Deux raisons essentielles expliquent cette concentration de la conflictualité au niveau des chantiers. Tout d’abord, le repli professionnel des salariés du nettoyage est tel qu’il se traduit par une absence de solidarité d’un site à l’autre. Autant cette solidarité peut être forte à l’intérieur d’un chantier, celui-ci constituant une sorte d’entité intégrée et fusionnelle, autant celle-ci paraît quasi inexistante entre eux.

« J’ai des vu des gens travailler pour la même entreprise sur des chantiers distants de 500 mètres et qui ne se

connaissaient pas. Dans le nettoyage, c’est le chantier qui part en grève » (Responsable du secteur du nettoyage et des

questions juridiques pour ce secteur à la CNT). « On a fait une action pour le 13e

mois devant la chambre patronale mais il n’y avait pas beaucoup de monde. Il n’y a pas de culture syndicale dans notre profession. On n’est pas à la SNCF ou à la RATP. On voit rarement un conflit déborder un chantier. La solidarité d’un chantier à l’autre est excessivement rare. D’autant plus que vous avez un nombre important de salariés qui sont isolés et qui sont seuls dans une agence bancaire ou à deux ou trois. Demander à ces gens là de se mettre en grève, c’est du suicide. » (Syndicaliste au syndicat du nettoyage

CFDT Ile de France).

Ensuite, l’absence de toute coopération intersyndicale, au niveau de la branche au moins, ne favorise pas la construction de convergences communes, malgré des revendications pas si éloignées (cf. Les revendications principales exposées dans les encadrés consacrés à chaque organisation). Lorsque l’on sait que la solidarité professionnelle et interprofessionnelle n’est ni spontanée ni naturelle dans le monde du travail, et qu’elle nécessite d’être construite par un travail d’homogénéisation du groupe, l’état des divisions existantes entre les organisations intervenant dans le secteur aide à comprendre pourquoi la solidarité n’y est pas davantage développée.

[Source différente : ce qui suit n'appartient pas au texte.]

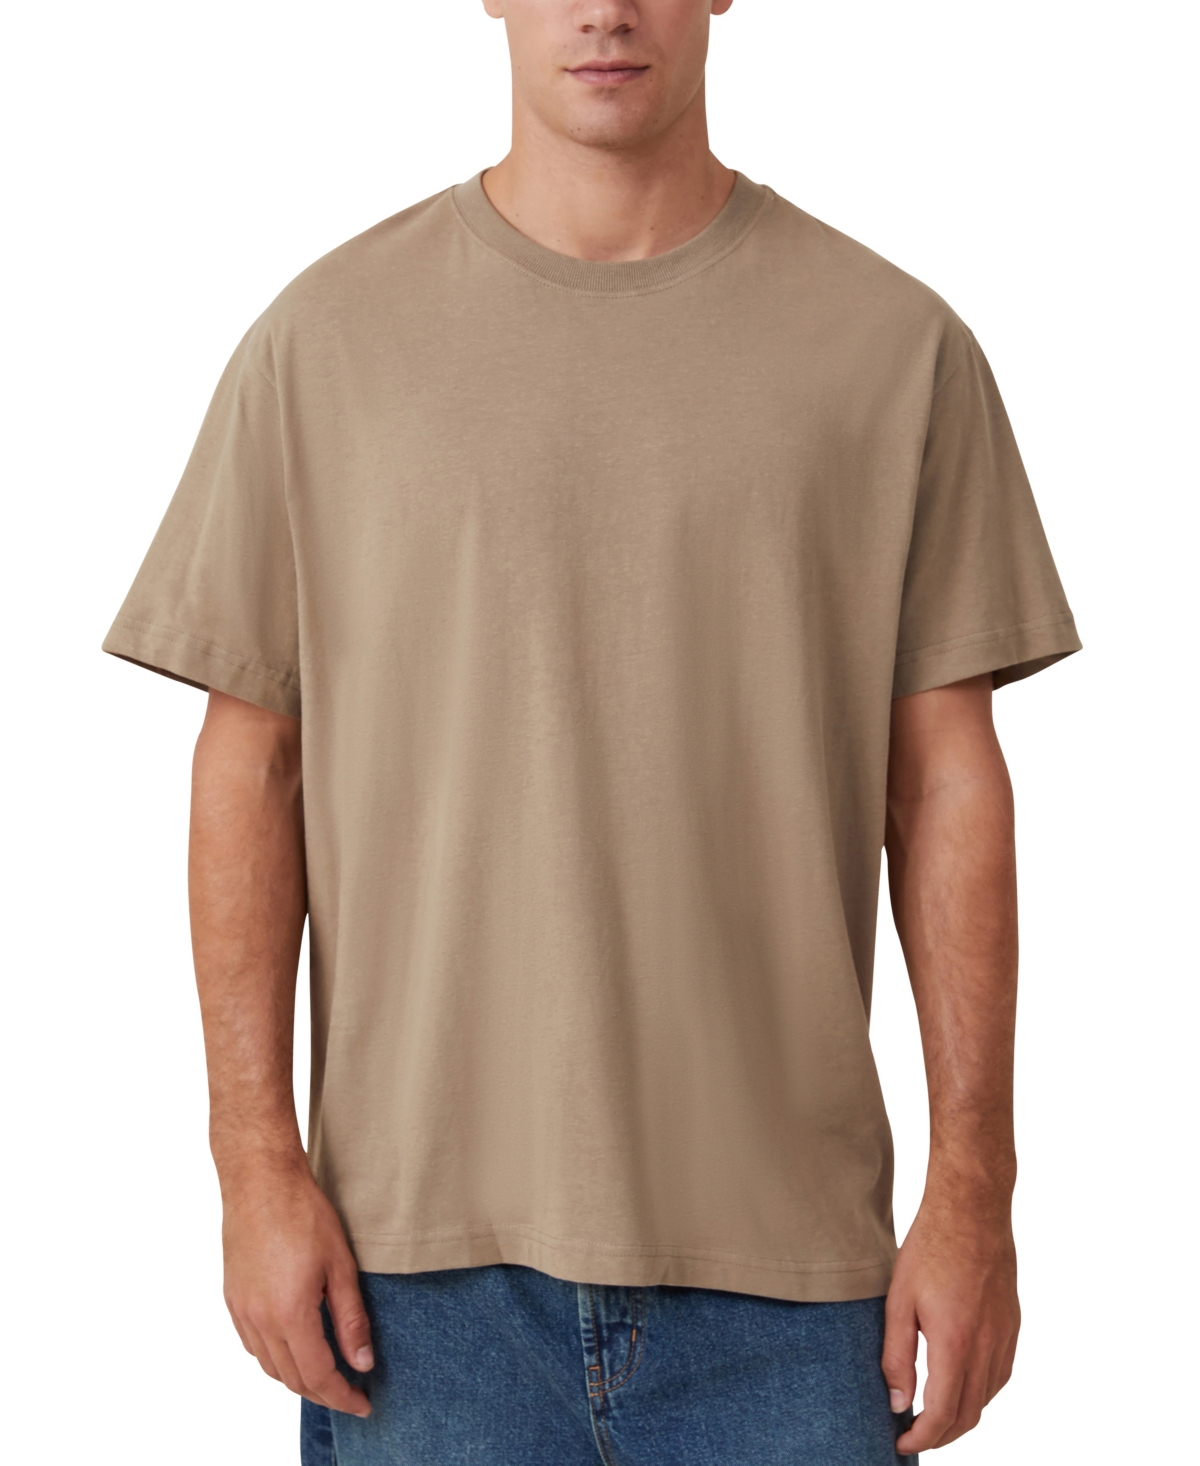 Men's Loose Fit T-Shirt - Beige

« Il n’y a pas vraiment de coopération intersyndicale, en dehors des réunions de branche où les choses se

passent plutôt correctement. Au niveau de la fédération, il n’y a pas traditionnellement de recherche de contacts avec les autres organisations » (Secrétaire général de la fédération des Ports et Docks CGT).

« Il n’y a pas de coopération intersyndicale. On a du mal à travailler en intersyndicale même si en paritaire,

cela se passe bien. Je pense que dans les boîtes, les militants arrivent à mieux s’entendre qu’au niveau de la branche » (Secrétaire générale de la Fédération des services CFDT).

« Faire du travail avec la CFDT et la CGT, ce n’est pas simple. La Fédération des Services de la CFDT est plus connue pour son positionnement d’accompagnement que pour ses convictions combatives. La CGT [long silence

et mimique dubitative]… ce sont les dockers. Et les dockers CGT et les Dockers FO, ce n’est pas simple. Depuis

1947, c’est un peu difficile. J’aurais encore du mal à me promener sur les quais de Marseille. Sans compter les comportements de ceux qui s’occupent du nettoyage à la CGT » (Secrétaire général de la Fédération de

l’Equipement, de l’Environnement, du Transport et des Services Force ouvrière).

« Il n’y a aucun contact avec la CGT et la CFDT. Il n’y en a jamais eu. On n’a jamais rien pu faire avec eux. De toute façon, ils ne nous reconnaissent pas et ils sont achetés. Dans le secteur du nettoyage, les repas des anciens des Ports et Docks, ce sont les entreprises qui payent. À la CFDT, elles payent les journaux fédéraux pour y mettre de la pub… » (Syndicaliste SUD-Rail).